By Claire Horton
I am 19 years old and I have had anxiety for as long as I can remember. I’ve only just started to treat it in the past couple years.
Why? Because I was afraid and ashamed that somehow it was my fault. The culture around mental illness for a long time has been to deal with it yourself. No one wants to tell the world that they worry incessantly about the one in a billion events or spend all night replaying interactions and conversations that they had wondering “what if?” The stigma makes it incredibly hard for someone to stand up and say that they need help.
Thankfully, there is more acceptance and awareness now. There are all kinds of resources available, a big one being National Alliance on Mental Illness (NAMI).
Mental illness is a broad term, there are myriad things that fall into this category: Depression, anxiety, obsessive compulsive disorder, schizophrenia and bipolar disorder are just some illnesses. There are medications that can help manage symptoms and rebalance brain chemistry. Therapy is another big tool to help manage a mental illness. The thing is, everyone is unique, which means that it can take a while to find the right combination of medicine and therapy to help someone.

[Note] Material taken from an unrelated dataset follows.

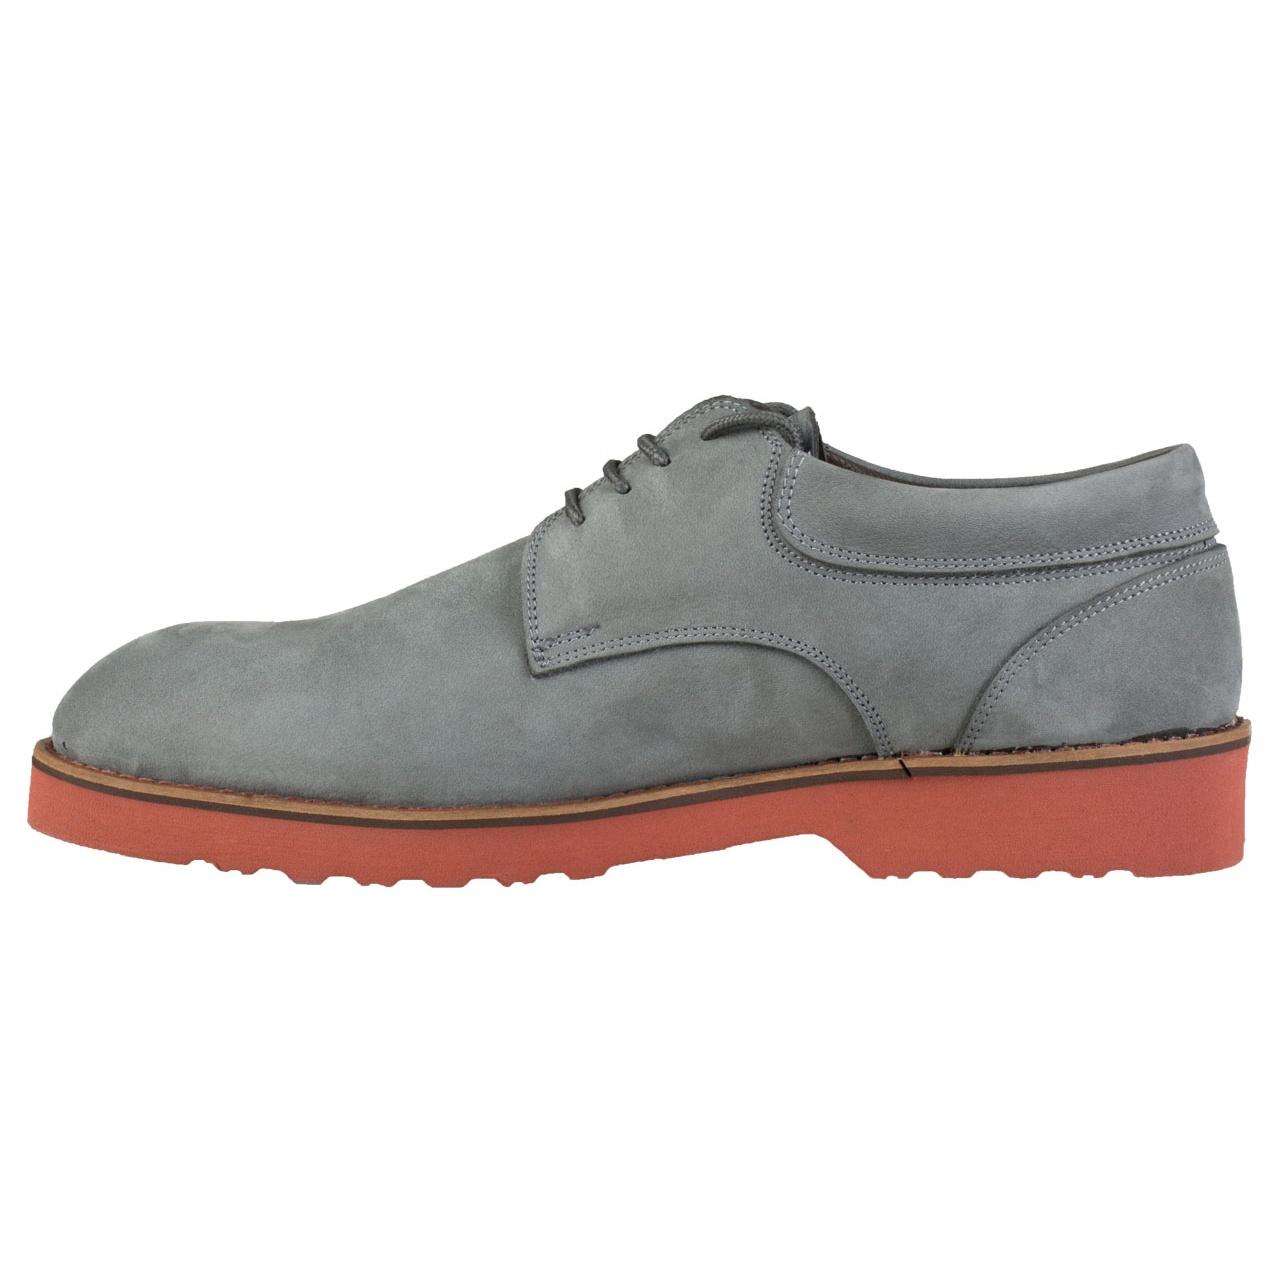 کفش چرم مردانه رسا چرم کد 102             , خرید اینترنتی

Having lived through this, I can say that it sucks. You feel like nothing is happening and you want to try something else. The four to six weeks that it can take to have a true effect can feel like four to six years. There is no pause button for your life while you are waiting to feel better. Hopefully you have people to lean on to remind you, “It takes four to six weeks for the medication to take effect. Hang in there.”

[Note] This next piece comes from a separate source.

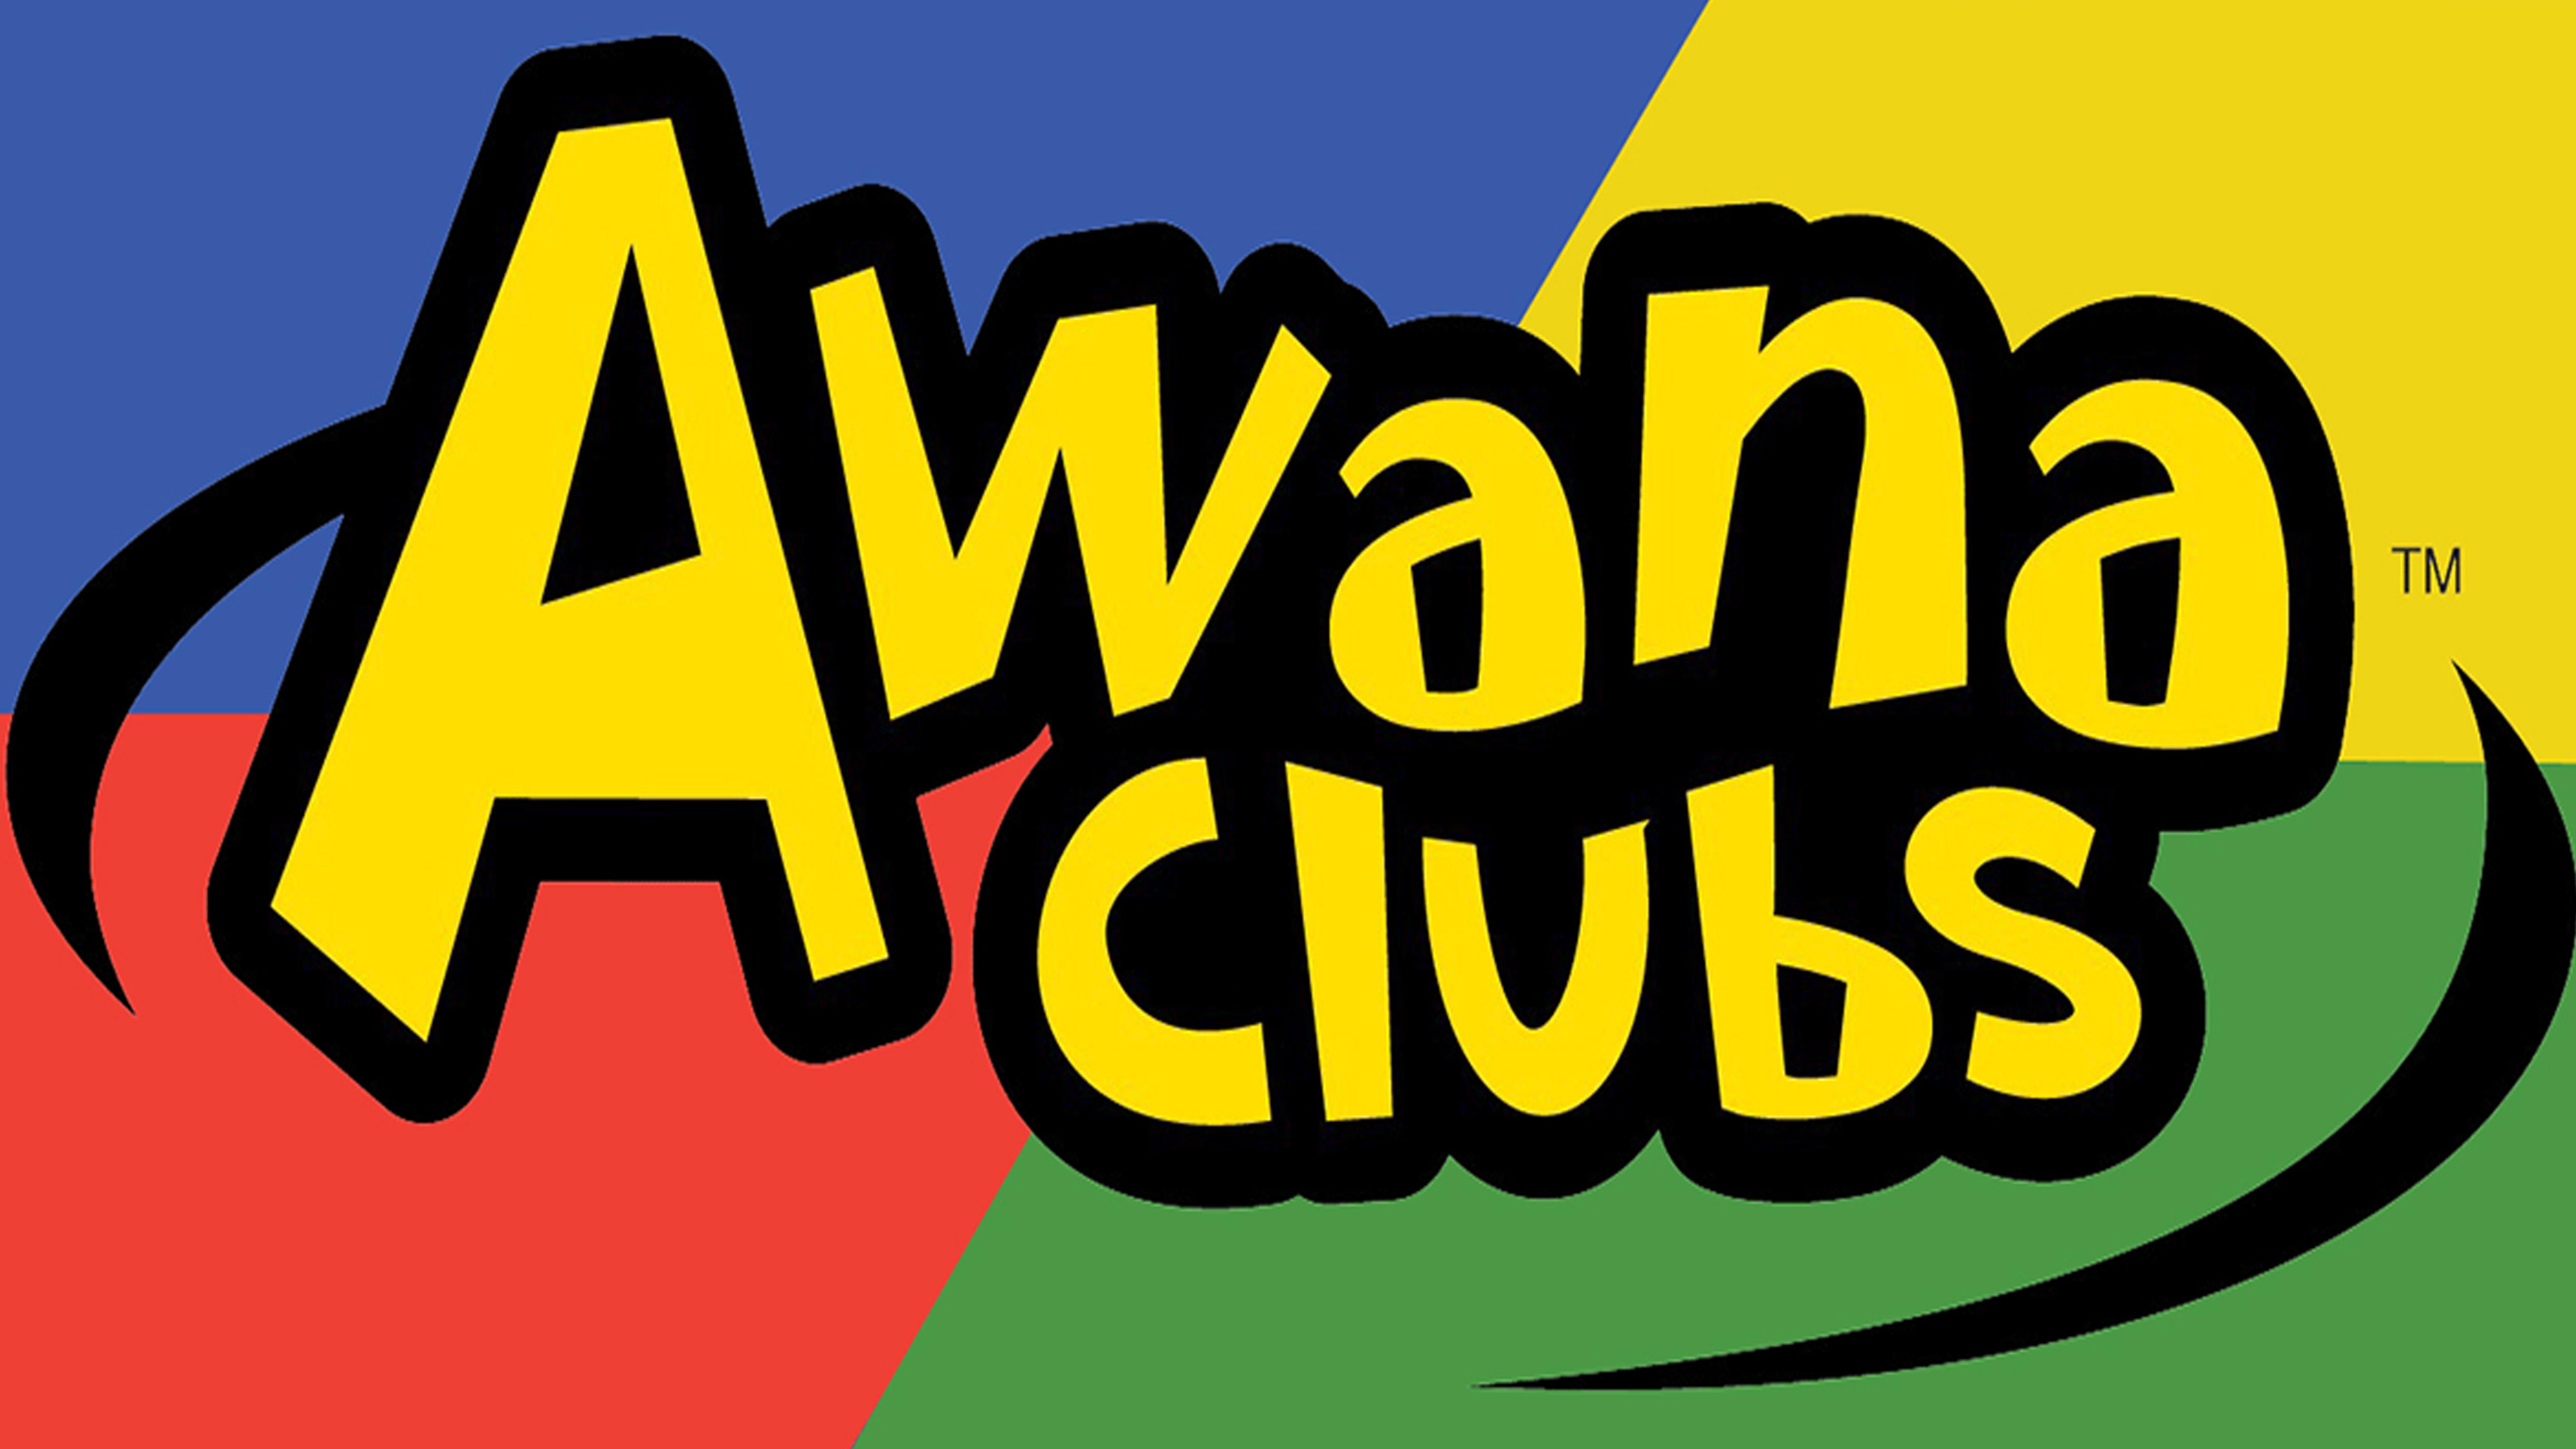 Awana clipart club awana. Clubs gateway baptist church

Writing this, I am thankful to those who kept me alive and reminded me that there is a light at the end of the tunnel that doesn’t have to end with me ending. This stigma makes it excruciating to have a mental illness and want to reach out for help but feel like you could be judged, unloved or even unworthy. Some may judge you, but remember that you are loved and are worthy.

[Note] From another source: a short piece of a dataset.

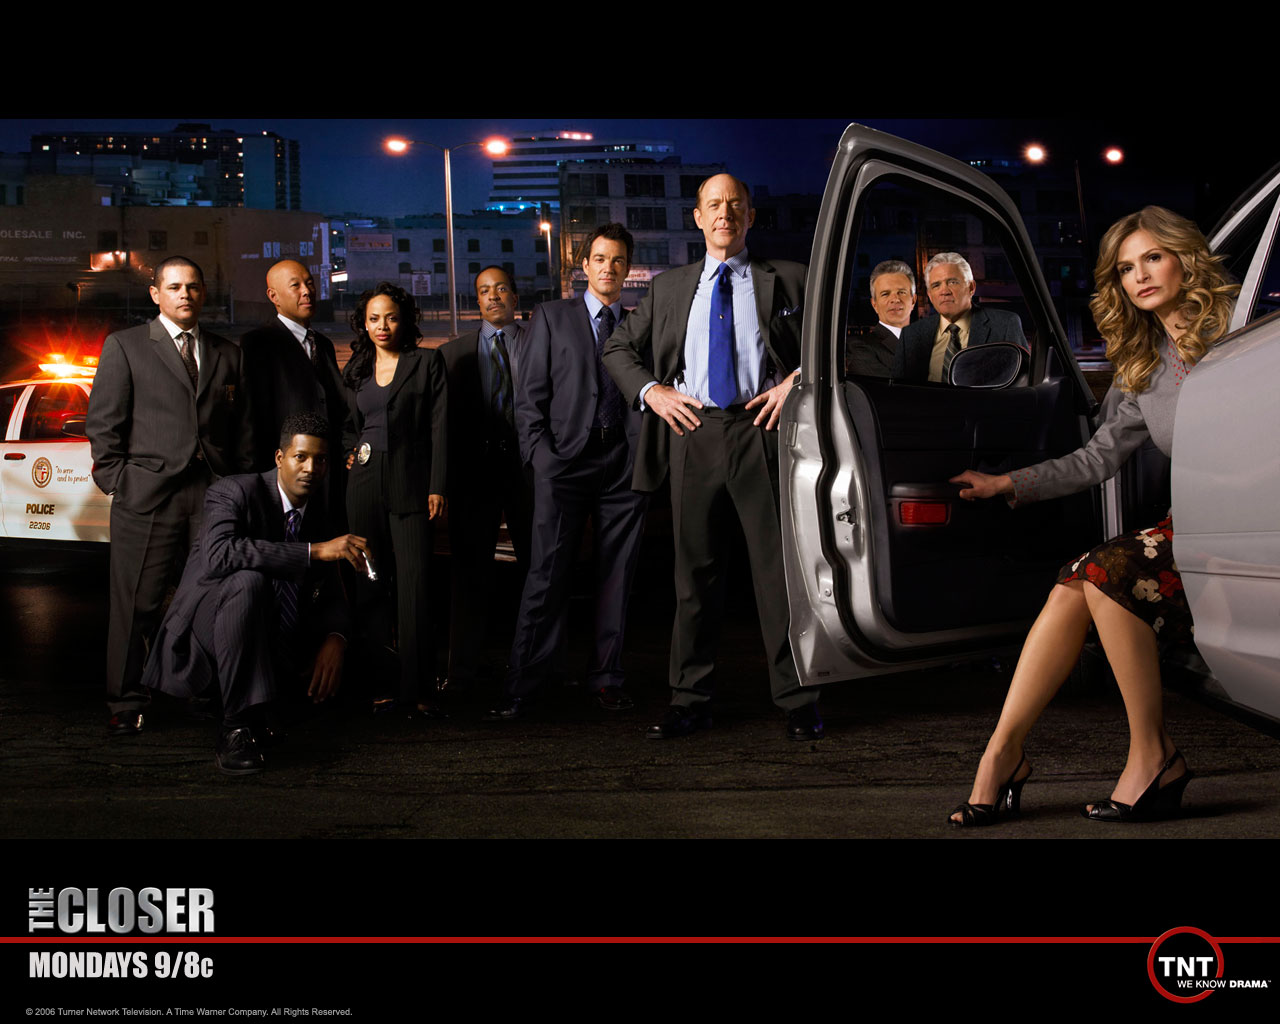 The Closer Cast The Closer Photo 338167 Fanpop

No one can take those from you. You are the only one who can.
I know that it is hard to be open and vulnerable to others, so start small. Choose one person whom you love and who loves you. You can write to them what you are feeling; you can talk to them in person or over the phone. Find what makes you comfortable. Talk about boundaries. Be aware that if you say something that involves you hurting yourself or others or if you are being hurt, most people will not and should not keep that to themselves. Be authentic to yourself, try not to judge yourself, and be honest. The whole point is to have someone you can go to when you have a bad day or whatever. If you aren’t honest with them or yourself, it doesn’t help you.
Find a community in which you are comfortable being you. They exist; trust me. I was lucky to grow up in one. My church, St. Mary’s Episcopal, has been a safe harbor for me. Not everyone has a place where they feel safe and loved, and that is a be loved and feel safe. Often those who don’t try to commit suicide. Or do commit suicide. When that happens it is sad and tragic and even worse is that in most cases it could have been prevented. This is why we need to end this stigma around mental illness.
If you feel lost, unloved, lonely or unworthy, whatever has you thinking that your life is not worth living, get help and reach out to a friend, teacher, family member or trusted adult because life is precious and you only get one of them.
There is a term, “agape,” which is God’s unconditional love for you. I believe that God has unconditional love for all, those who believe in him, those who don’t, those who don’t know what they believe, those who are in need of it and those who don’t think they need it, all of humankind.
Claire Horton lives in Falcon Heights.